Nouvelles grecques

Parmi les livres délaissés pendant le confinement, faute de librairies ouvertes, mais aussi faute de temps propice à la lecture – ce temps de disponibilité, véritable grâce, où l’on peut écouter ou entendre, dans lequel la parole de l’autre peut nous atteindre –, figure ce recueil de nouvelles grecques de Yànnis Palavos. Paru en Grèce en 2012, Blague est traduit par Michel Volkovitch qui le porte aux oreilles et au cœur du lecteur francophone.


Yànnis Palavos, Blague. Trad. du grec par Michel Volkovitch. Quidam, 108 p., 13,50 €


Yànnis Palavos, Blague

Les nouvelles de Blague se lisent d’une traite. Elles nous emportent, par leur rythme d’abord – et c’est précisément ce dont on avait besoin pour sortir d’une forme d’inertie angoissée –, mais aussi par leur apparente simplicité. Après une mise en bouche intrigante, où il est question de mot de passe piraté, la deuxième nouvelle, « Des vieux », donne le ton, ce ton si particulier, à la lisière du rêve, qui résonne du début à la fin du livre. Le fantastique s’immisce plus ou moins franchement, mais plus encore un sens de l’absurde qui nous prend au dépourvu. Yànnis Palavos sait, en quelques mots seulement, faire surgir l’essentiel de chaque détail de l’existence, ce à quoi on n’avait d’abord pas pensé mais qui nous semble, une fois dévoilé, incontournable.
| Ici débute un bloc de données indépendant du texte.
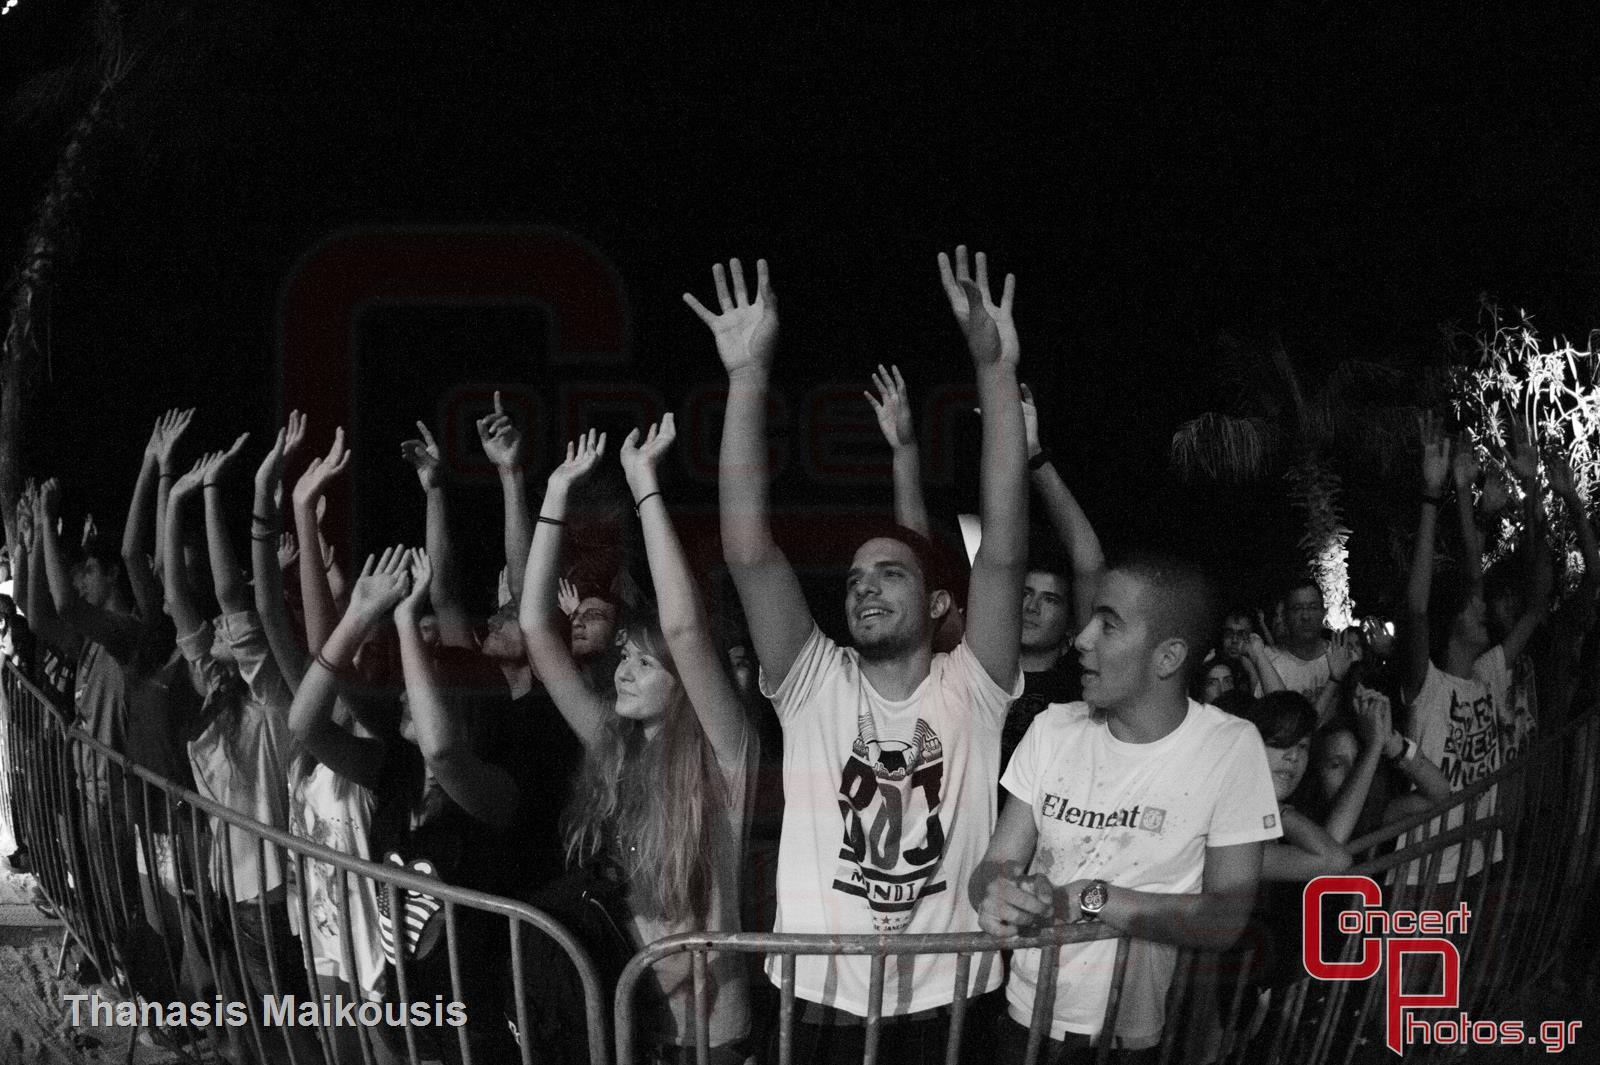 Locomondo-Locomondo 2013 Bolivar photographer: Thanasis Maikousis - concertphotos_-6203
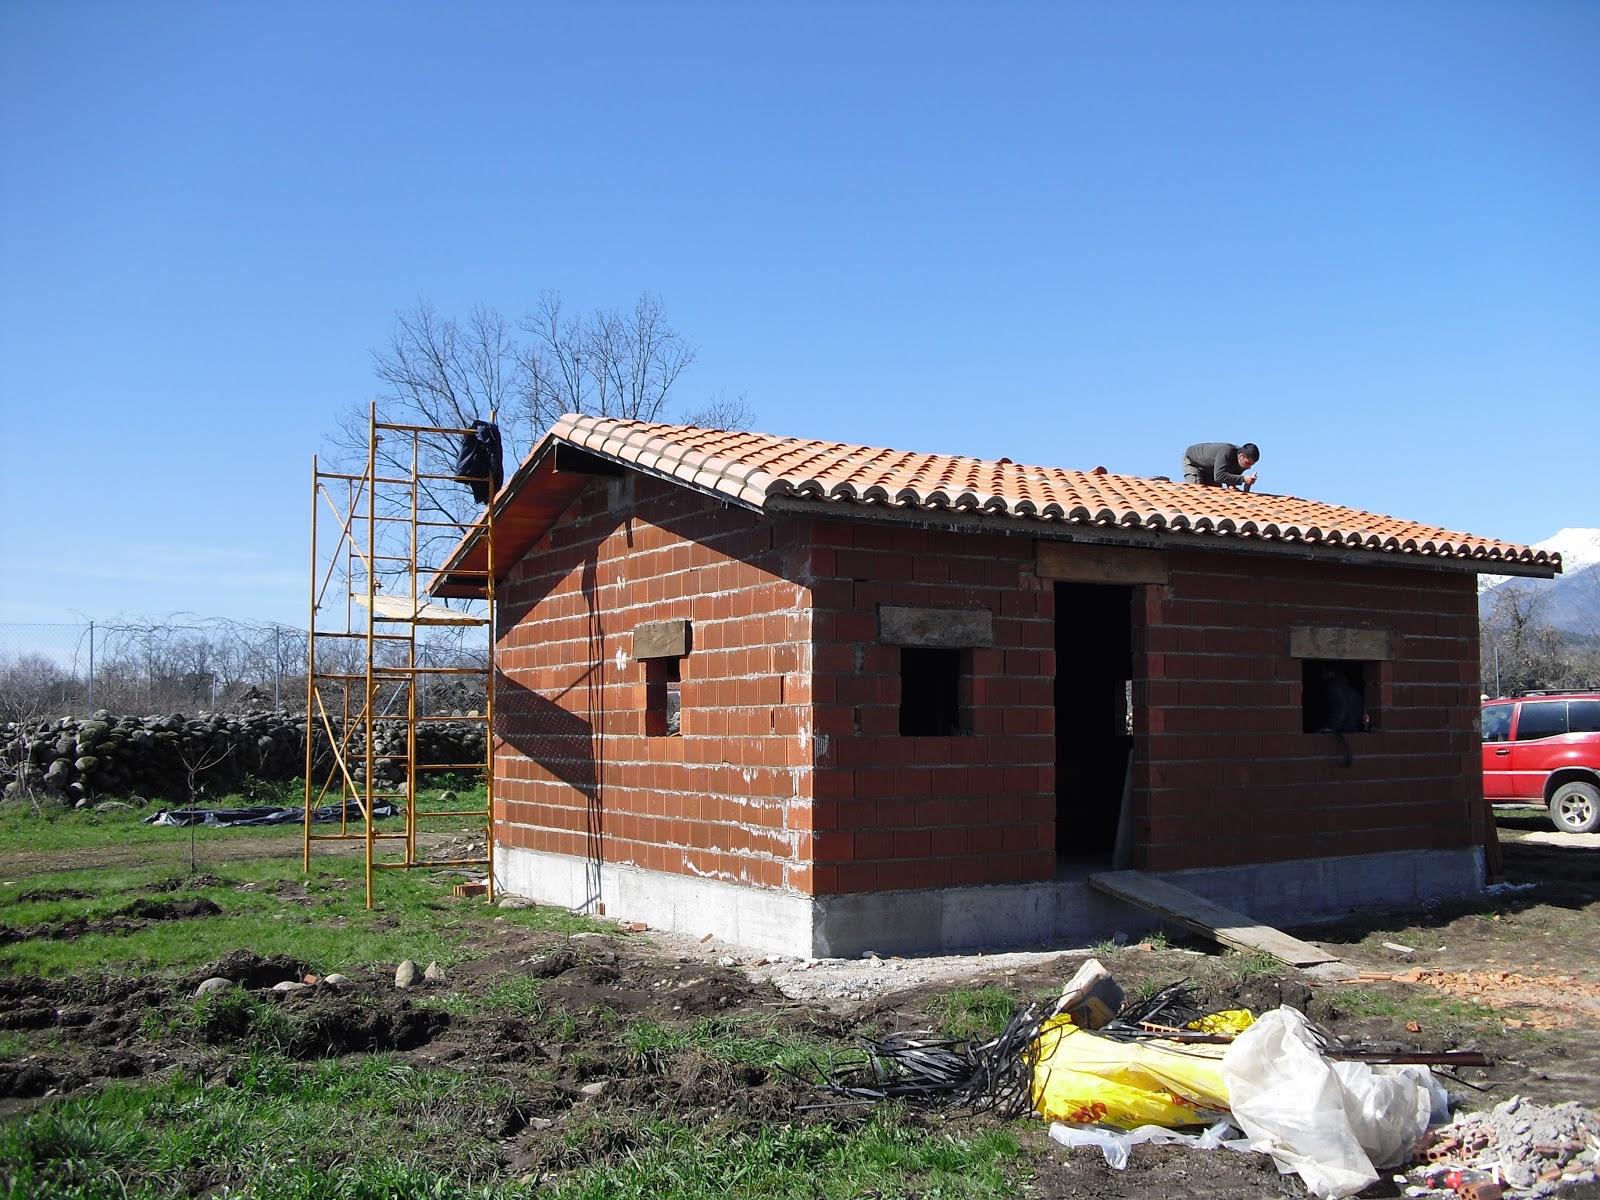 Leyva e illescas real estate peque a casa de 45 m2 con 2 dormitorios - Casas rurales cerca de talavera ...

On s’amuse parfois franchement, par exemple de cet agrafeur en train de converser avec un fax alcoolique ; on est surpris, la plupart du temps, car l’auteur est particulièrement talentueux pour faire surgir une image d’abord brutalement étrange, qui nous est presque aussitôt familière parce qu’elle laisse voir exactement ce que l’on ressentait sans pouvoir l’imaginer. C’est en partie pourquoi on s’humanise un peu plus à chaque page de Blague. Chaque nouvelle nourrit et enrichit nos représentations les plus intimes, parfois encore inavouées. C’est probablement l’inépuisable richesse de ce recueil, dans le même temps totalement limpide, qui nous fait plonger dans l’humanité de chacun des personnages, et pour finir dans la nôtre. Yànnis Palavos ne nous laisse pas le temps de reprendre haleine entre deux nouvelles et, en nous entraînant à sa suite, il nous force à sortir de nous-même pour mieux nous permettre d’y revenir une fois le recueil refermé. C’est alors le plaisir de la lecture retrouvé qui nous frappe en plein cœur.

Yànnis Palavos, Blague

Yànnis Palavos © Quidam éditeur

Le caractère loufoque des histoires de Yànnis Palavos est jubilatoire parce qu’il est le ressort principal pour parler de l’essentiel, parce qu’il touche parfois au tragique, dans sa cruelle nudité, et qu’il évoque, inlassablement, ce qui relie les individus. Jamais gratuit, le comique de l’auteur est quasiment métaphysique. Les rapports entre les individus sont probablement ce qui fait le lien entre toutes les nouvelles. Si ce n’est pas d’abord ce à quoi on pense, on ne peut nier, en refermant le recueil, que Blague est un livre d’amour et un livre sur l’amour. Les jeunes et les vieux, les enfants et les parents, les riches et les pauvres, les vivants et les morts, les hommes et les bêtes, les amoureux et ceux qui n’aiment plus… Yànnis Palavos s’attache à faire sentir au lecteur ce qui se tisse entre toutes ces parties de l’humanité, car tout est humanité dans le regard plein d’amour de l’auteur. C’est dans toutes ses subtilités et ses variations que l’on éprouve alors la force du lien, qui tire sa force précisément de sa fragilité. De ce point de vue, Blague est un livre aujourd’hui essentiel.